### What to produce
An exact copy of every entry is needed, with the images left out.

### Data under study
--- --- ---
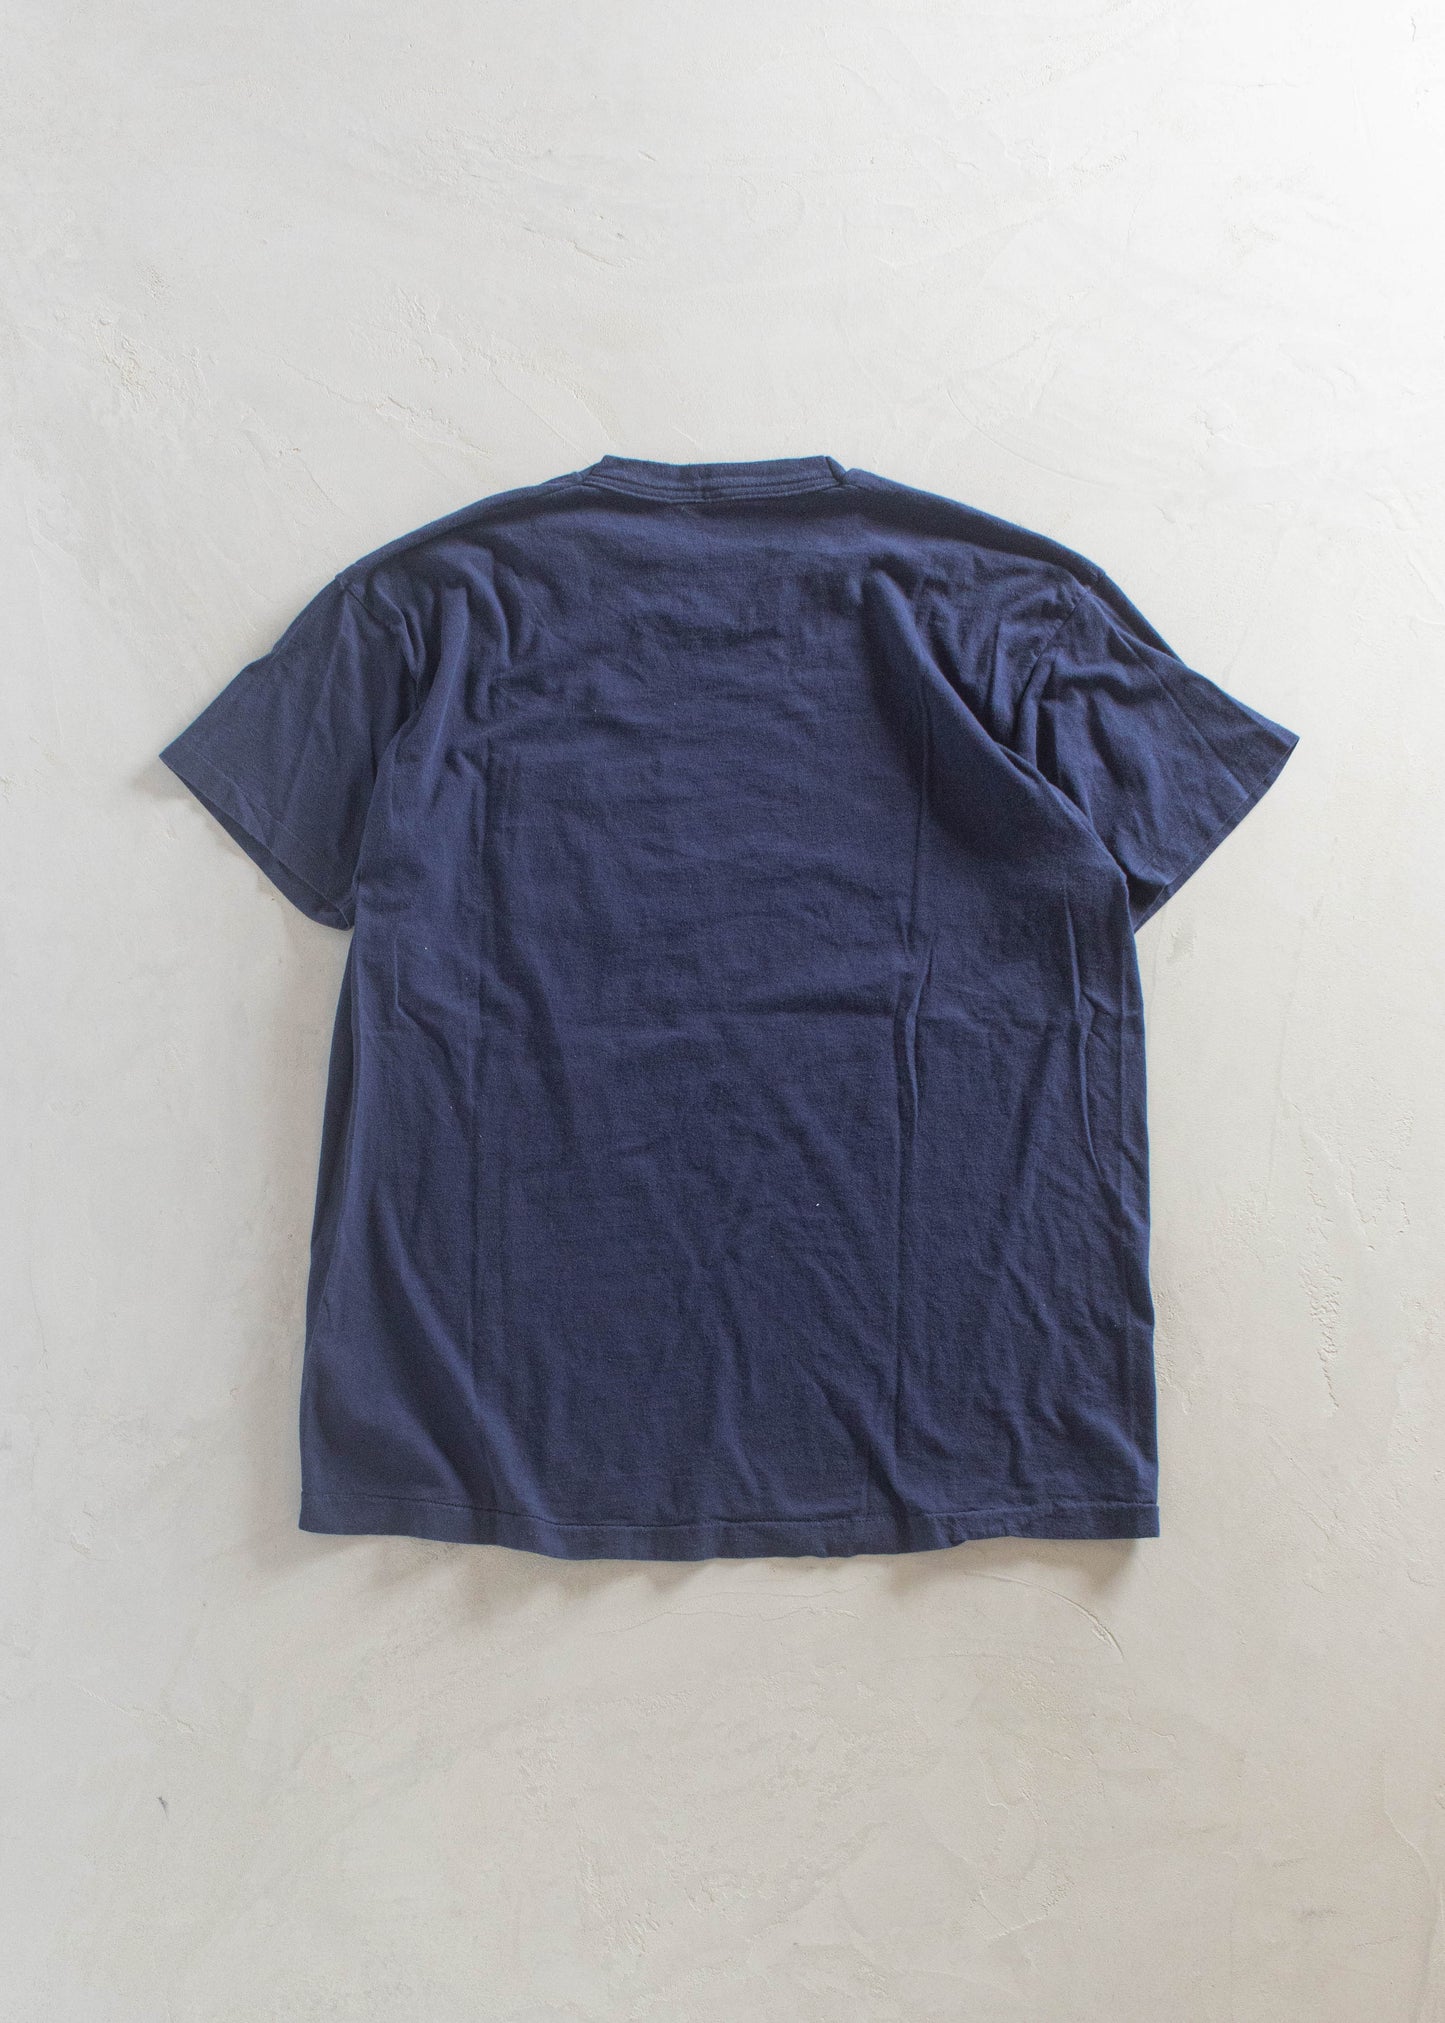 1980s Selvedge Pocket T-Shirt Size XL/2XL
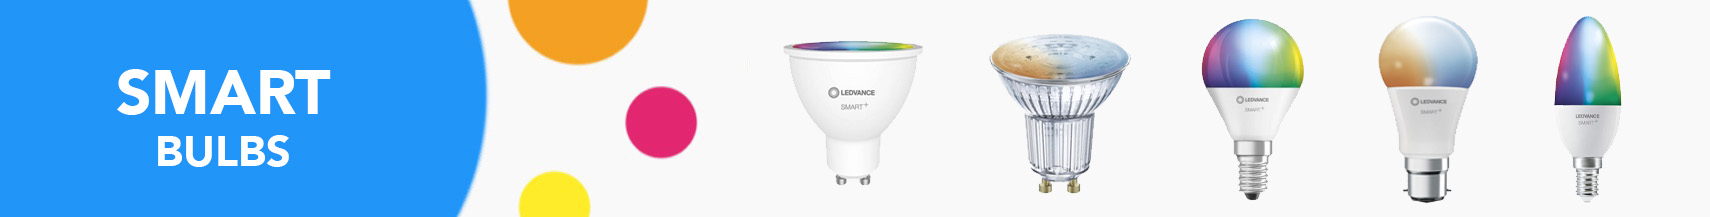 smart_bulbs
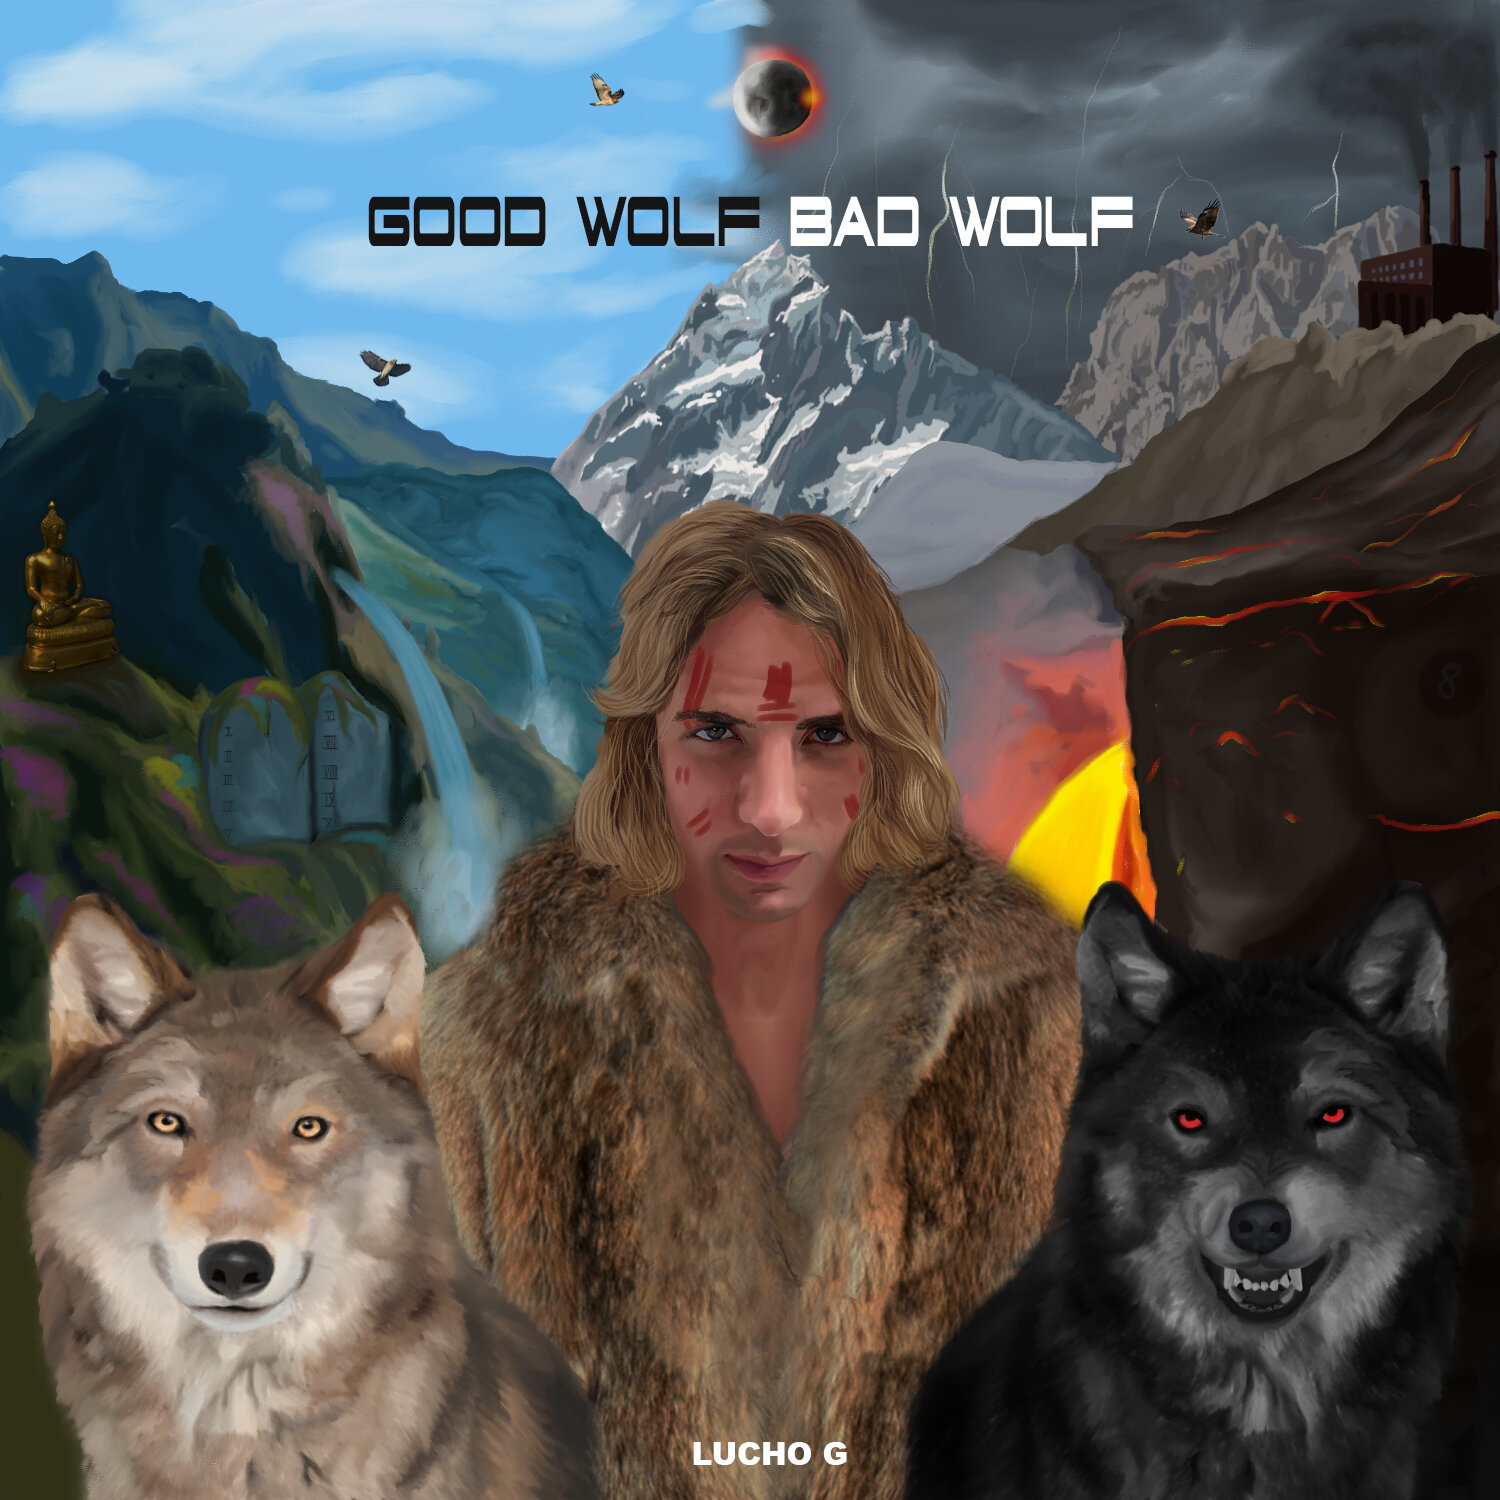 Good wolf bad wolf artwork
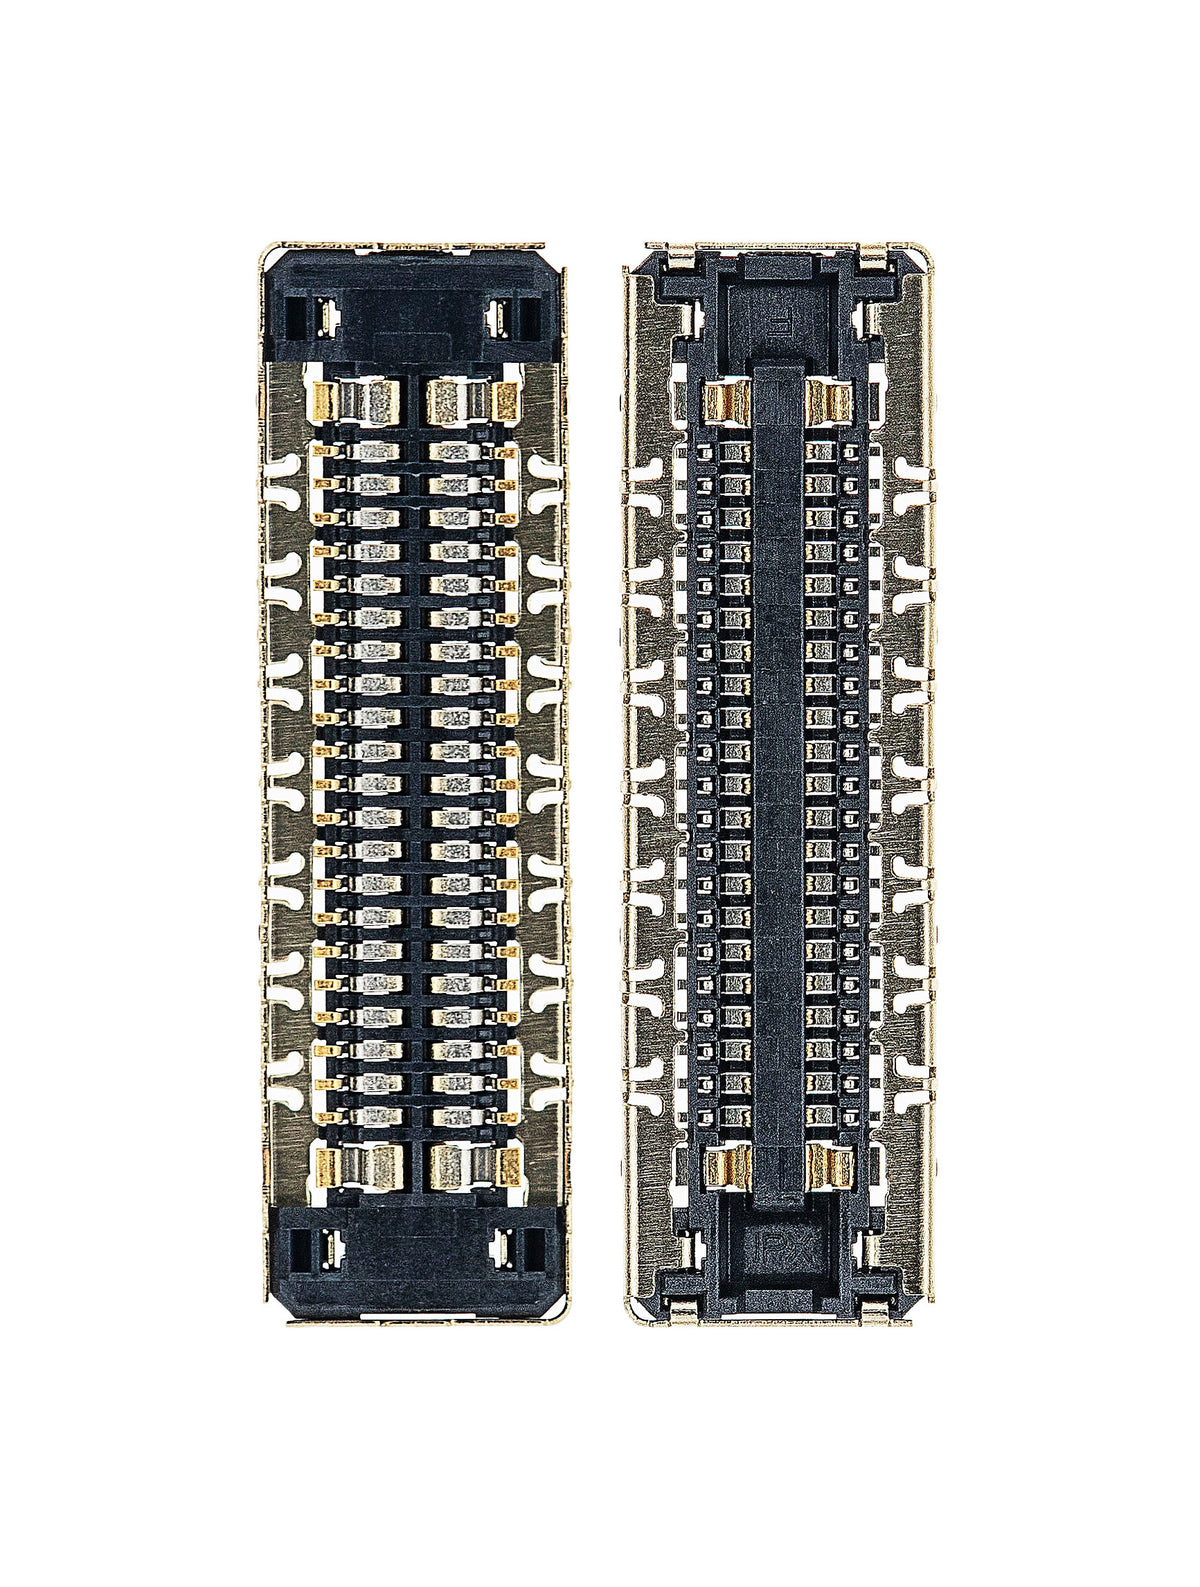 LCD FPC CONNECTOR (42 PIN) FOR MACBOOK PRO RETINA 13" / 15" / AIR 13" (A1706 / A1707 / A1708 / A1989 / A2159 / A2251 / A2289 / A1990 / A1932 / A2179)
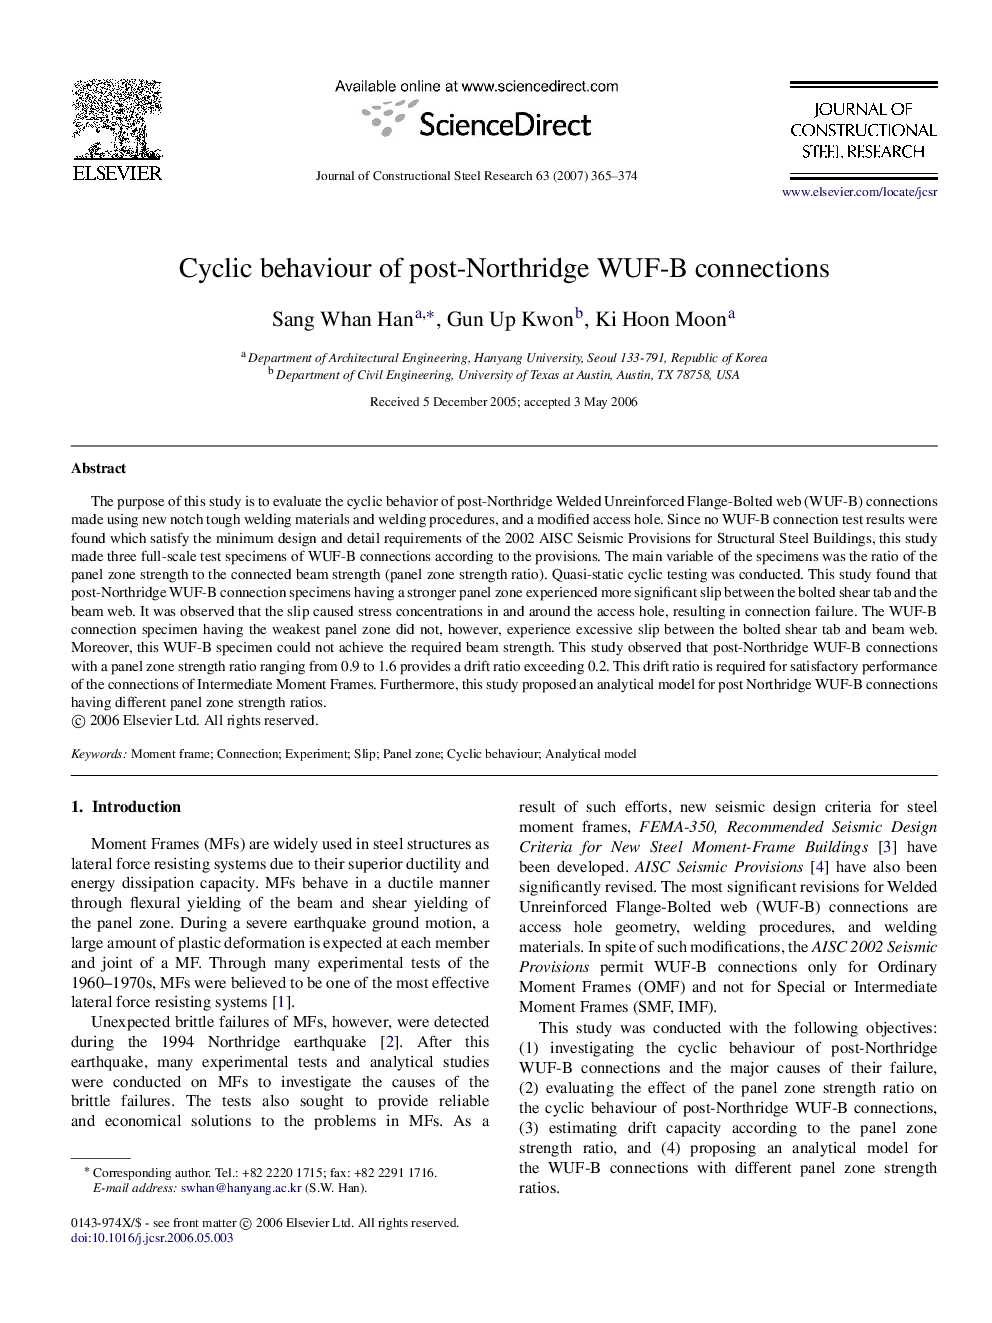 Cyclic behaviour of post-Northridge WUF-B connections
--- --- ---
### Response to this task
 1980s Selvedge Pocket T-Shirt Size XL/2XL
 smart_bulbs
 Good wolf bad wolf artwork
 LCD FPC CONNECTOR (42 PIN) FOR MACBOOK PRO RETINA 13" / 15" / AIR 13" (A1706 / A1707 / A1708 / A1989 / A2159 / A2251 / A2289 / A1990 / A1932 / A2179)
 Cyclic behaviour of post-Northridge WUF-B connections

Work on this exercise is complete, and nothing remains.